Shown below is a listing with pictures; reproduce exactly, and only, the lines between the ones containing "NEWT100%AUTH Diesel DL5027" and "Corn transparent png", inclusive, leaving the pictures out.

→ Supplied records:
# # #

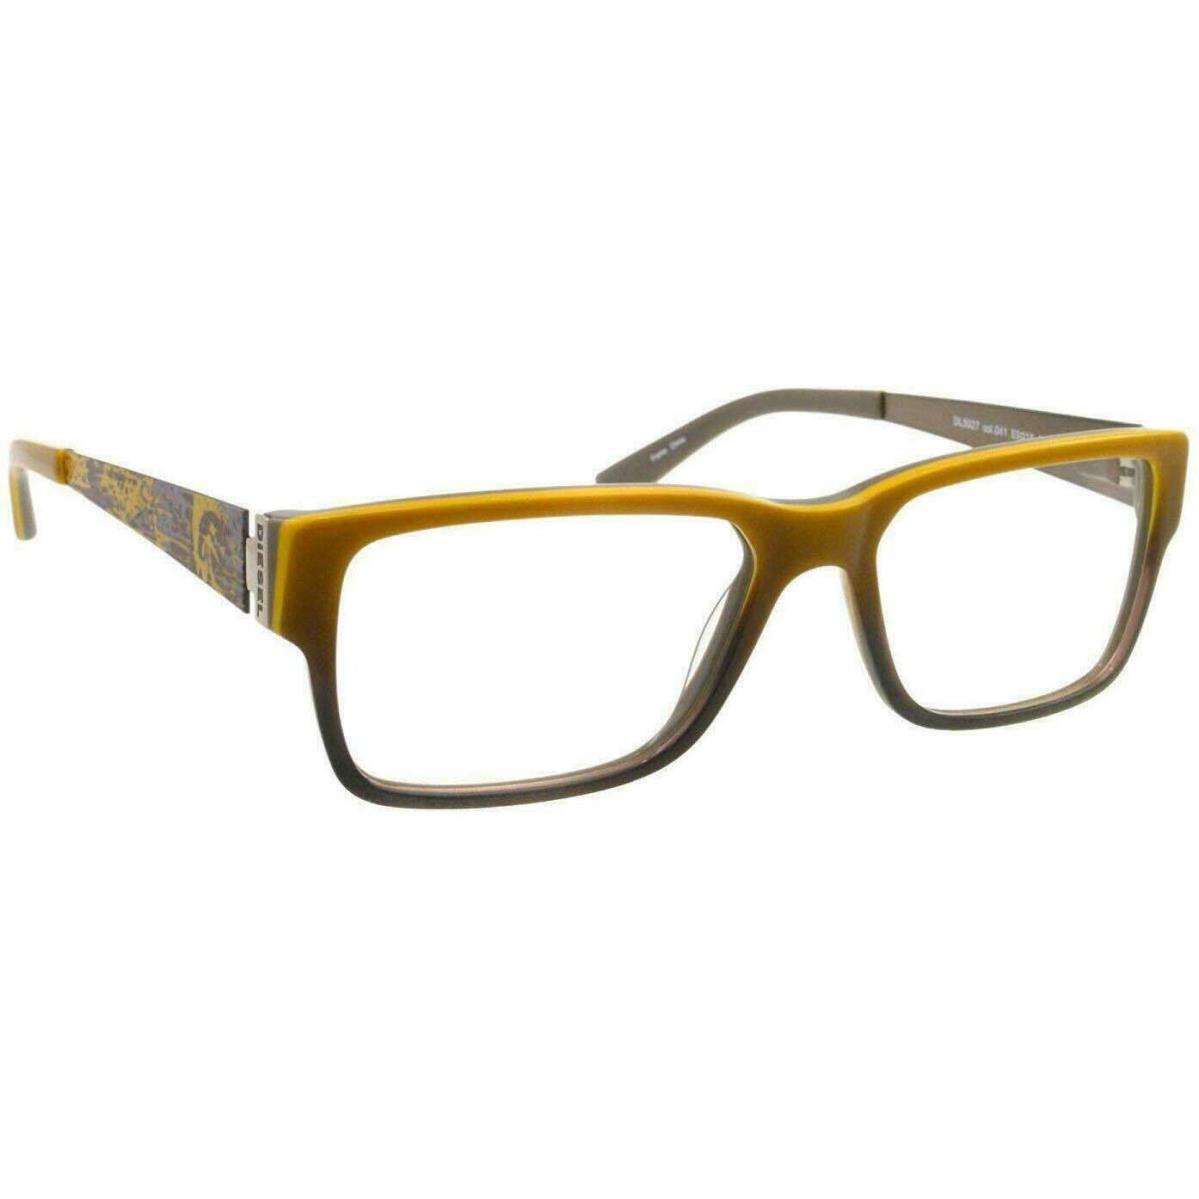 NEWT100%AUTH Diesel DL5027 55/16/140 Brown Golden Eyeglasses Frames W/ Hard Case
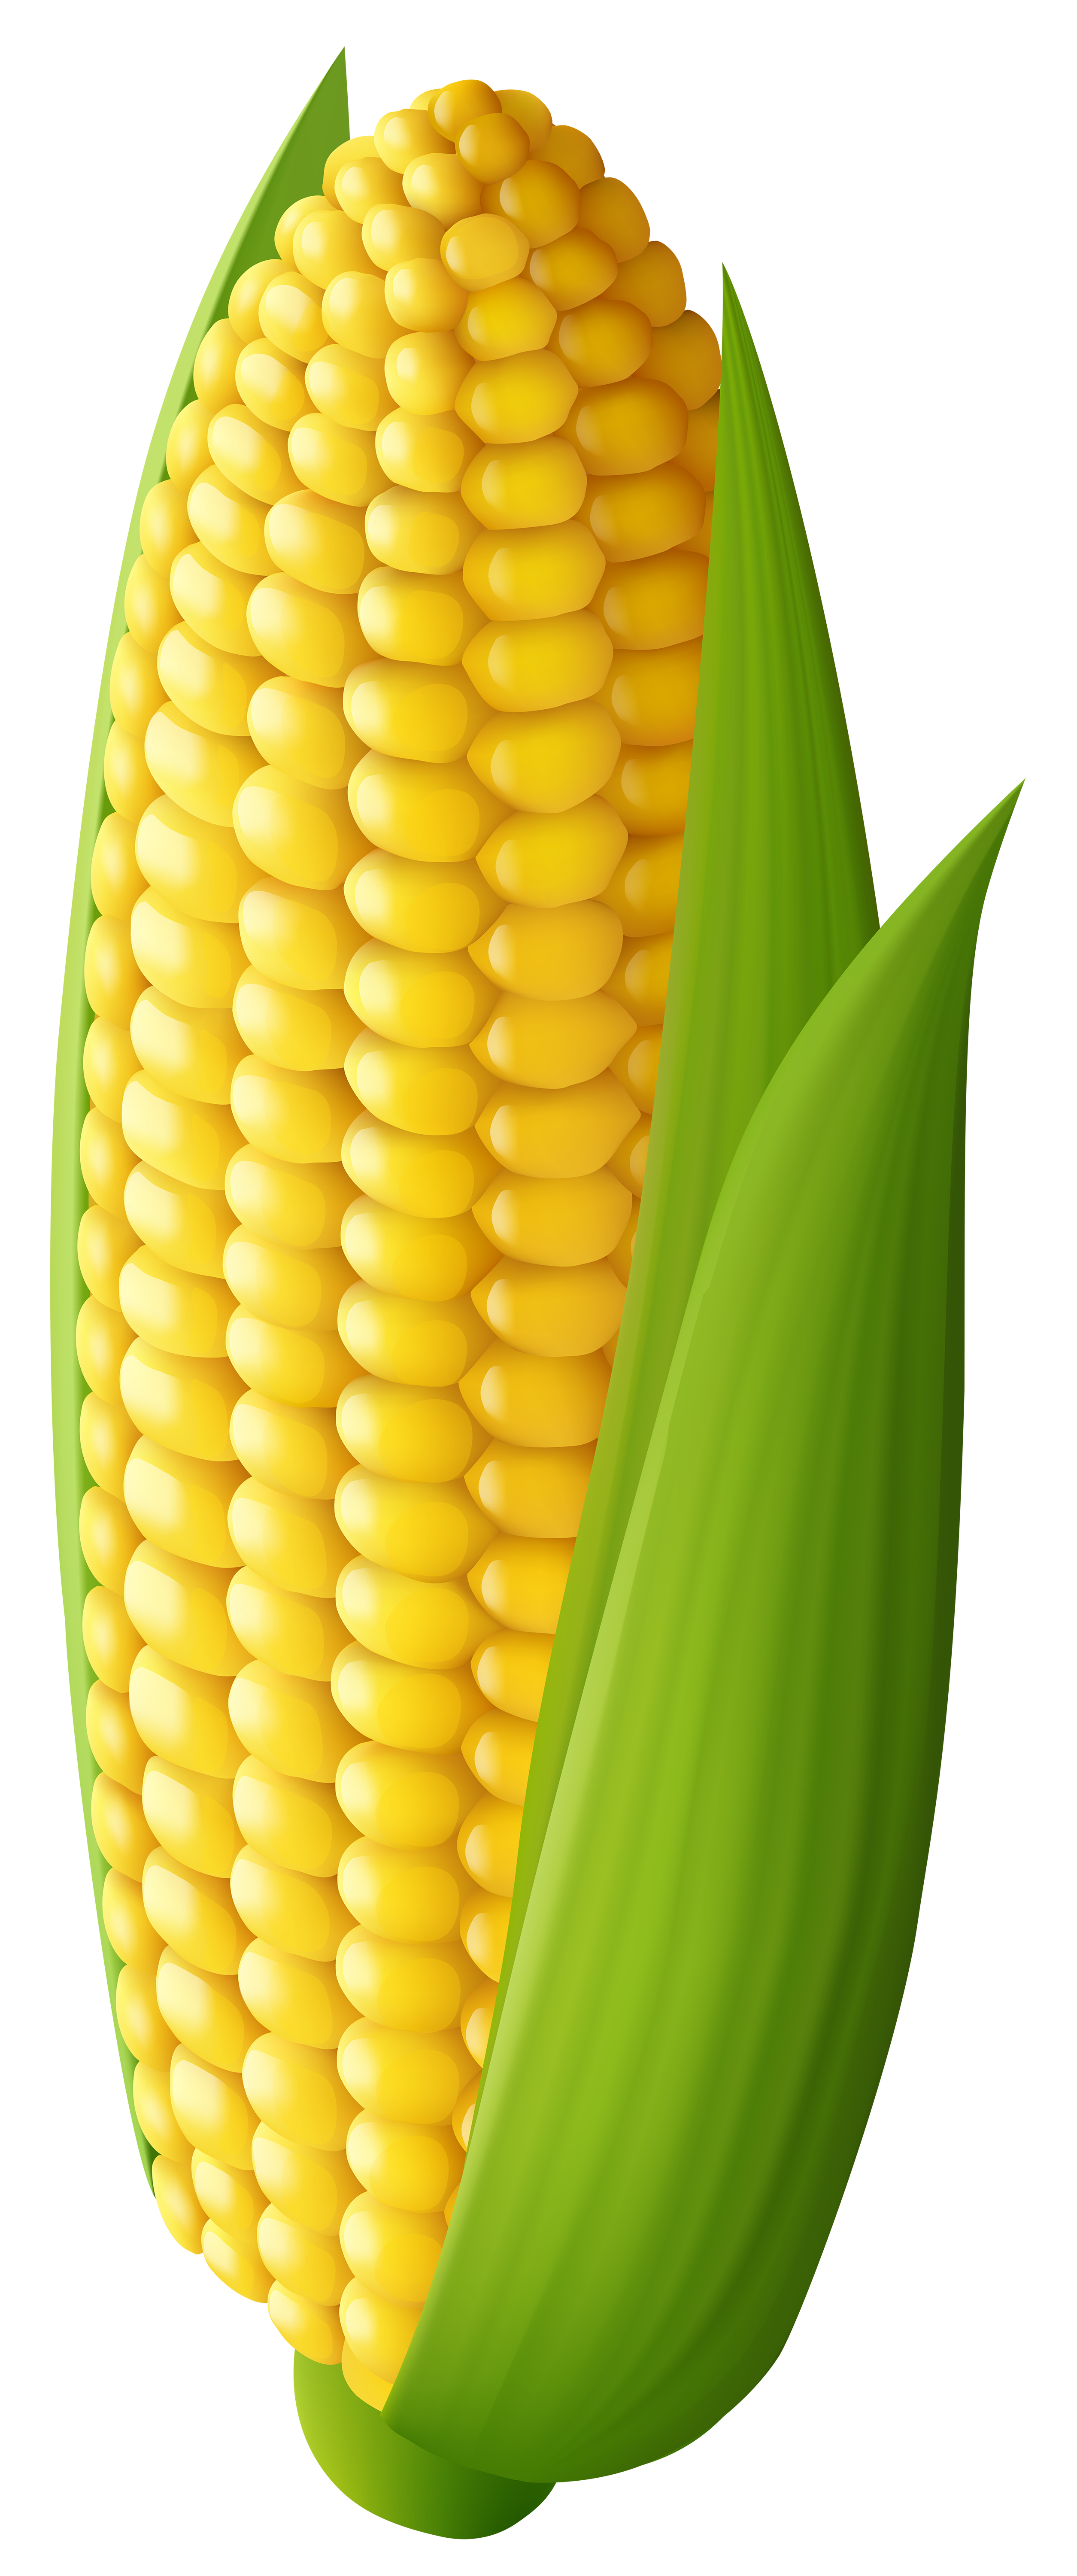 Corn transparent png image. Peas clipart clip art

# # #

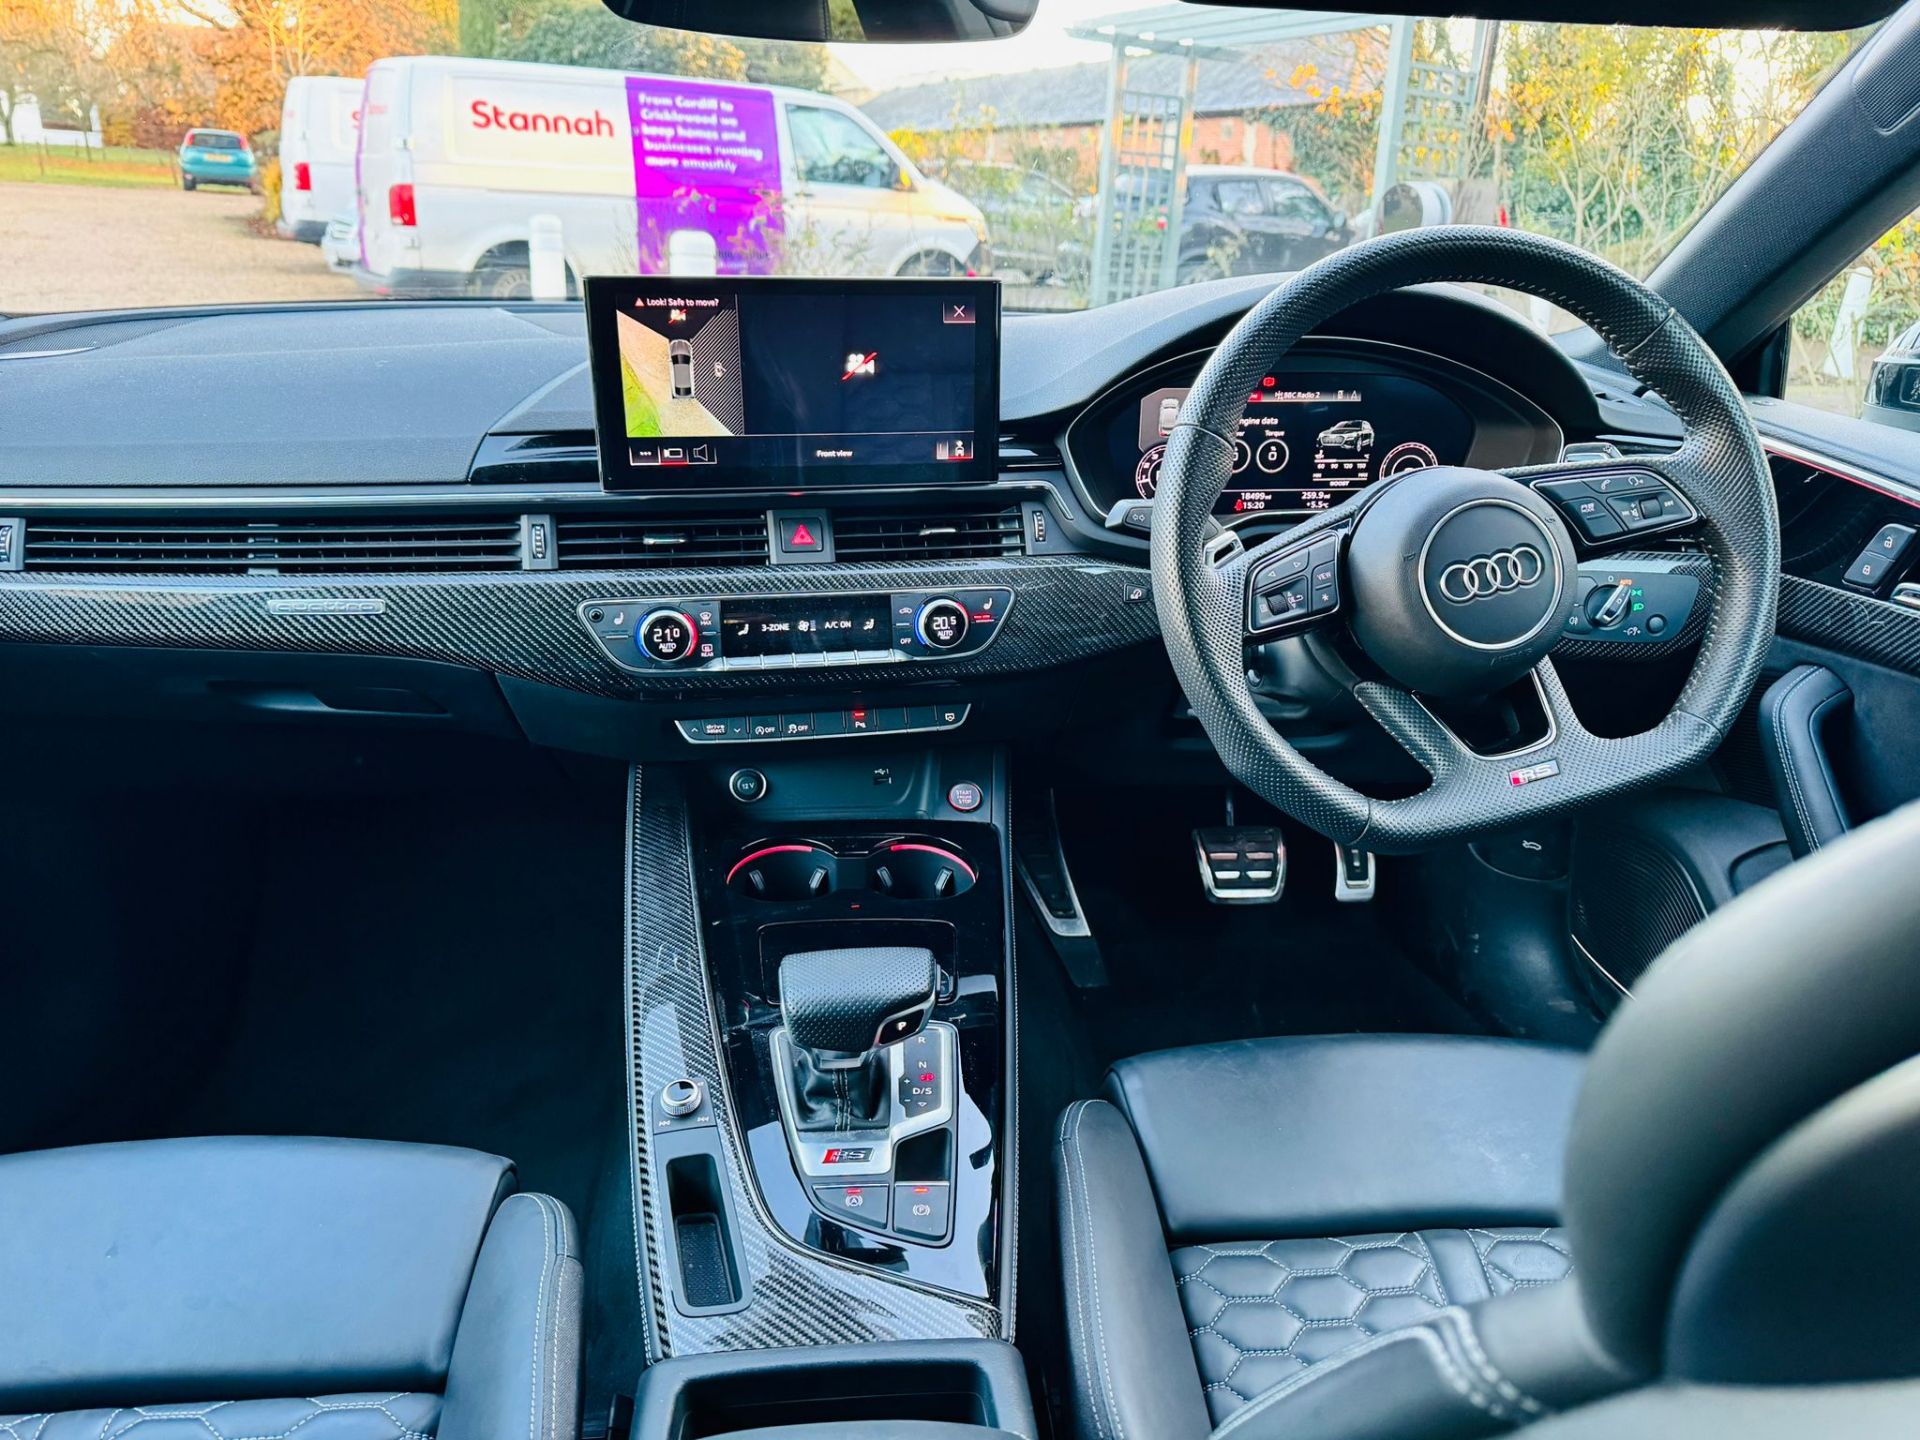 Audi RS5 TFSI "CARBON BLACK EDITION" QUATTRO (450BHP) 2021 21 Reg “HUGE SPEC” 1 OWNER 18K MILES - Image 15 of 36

# # #

→ Result of the exercise:
 NEWT100%AUTH Diesel DL5027 55/16/140 Brown Golden Eyeglasses Frames W/ Hard Case
 Corn transparent png image. Peas clipart clip art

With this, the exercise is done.